Abstract
Plants show varied cellular responses to salinity that are partly associated with maintaining low cytosolic Na+ levels and a high K+/Na+ ratio. Plant metabolites change with elevated Na+, some changes are likely to help restore osmotic balance while others protect Na+-sensitive proteins. Metabolic responses to salt stress are described for two barley (Hordeum vulgare L.) cultivars, Sahara and Clipper, which differed in salinity tolerance under the experimental conditions used. After 3 weeks of salt treatment, Clipper ceased growing whereas Sahara resumed growth similar to the control plants. Compared with Clipper, Sahara had significantly higher leaf Na+ levels and less leaf necrosis, suggesting they are more tolerant to accumulated Na+. Metabolite changes in response to the salt treatment also differed between the two cultivars.
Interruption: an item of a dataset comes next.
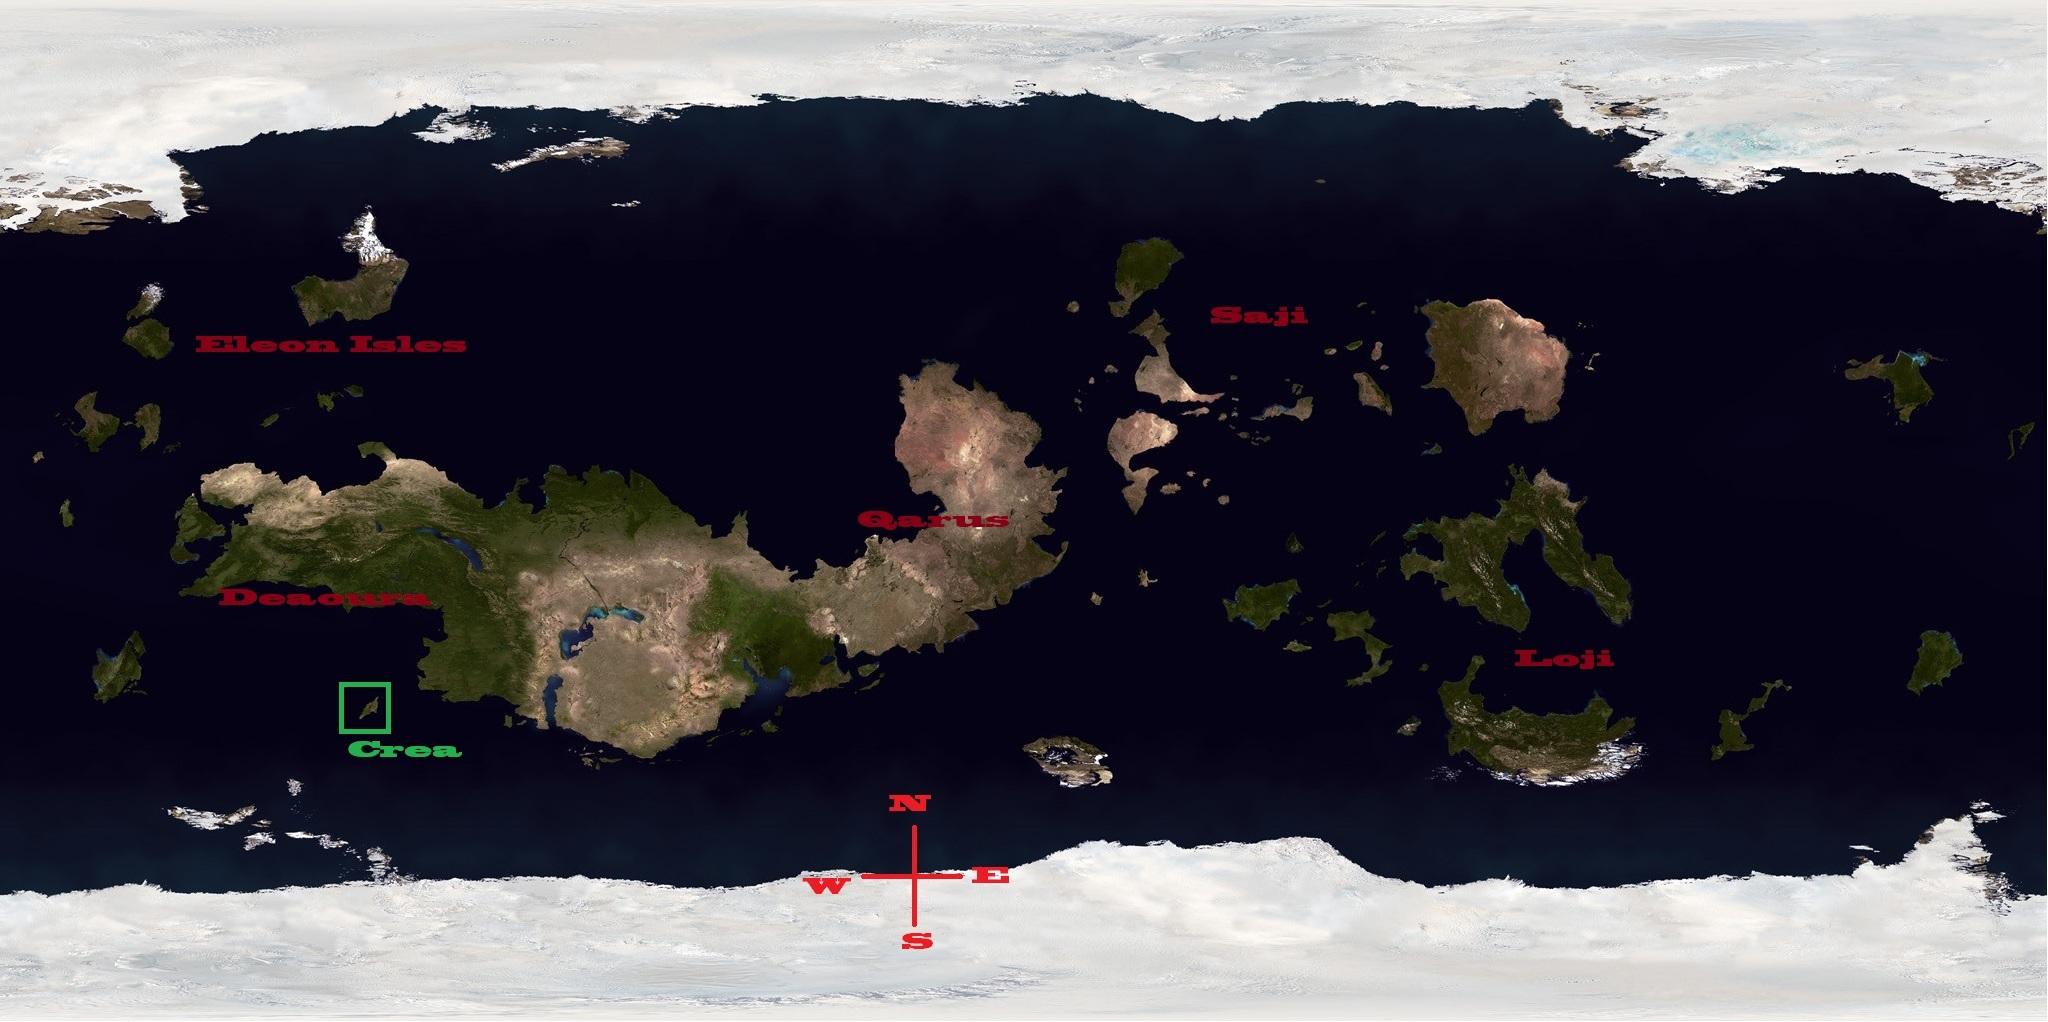 Aclion_vs2.jpg

Clipper plants had elevated levels of amino acids, including proline and GABA, and the polyamine putrescine, consistent with earlier suggestions that such accumulation may be correlated with slower growth and/or leaf necrosis rather than being an adaptive response to salinity. It is suggested that these metabolites may be an indicator of general cellular damage in plants. By contrast, in the more tolerant Sahara plants, the levels of the hexose phosphates, TCA cycle intermediates, and metabolites involved in cellular protection increased in response to salt. These solutes remain unchanged in the more sensitive Clipper plants. It is proposed that these responses in the more tolerant Sahara are involved in cellular protection in the leaves and are involved in the tolerance of Sahara leaves to high Na+.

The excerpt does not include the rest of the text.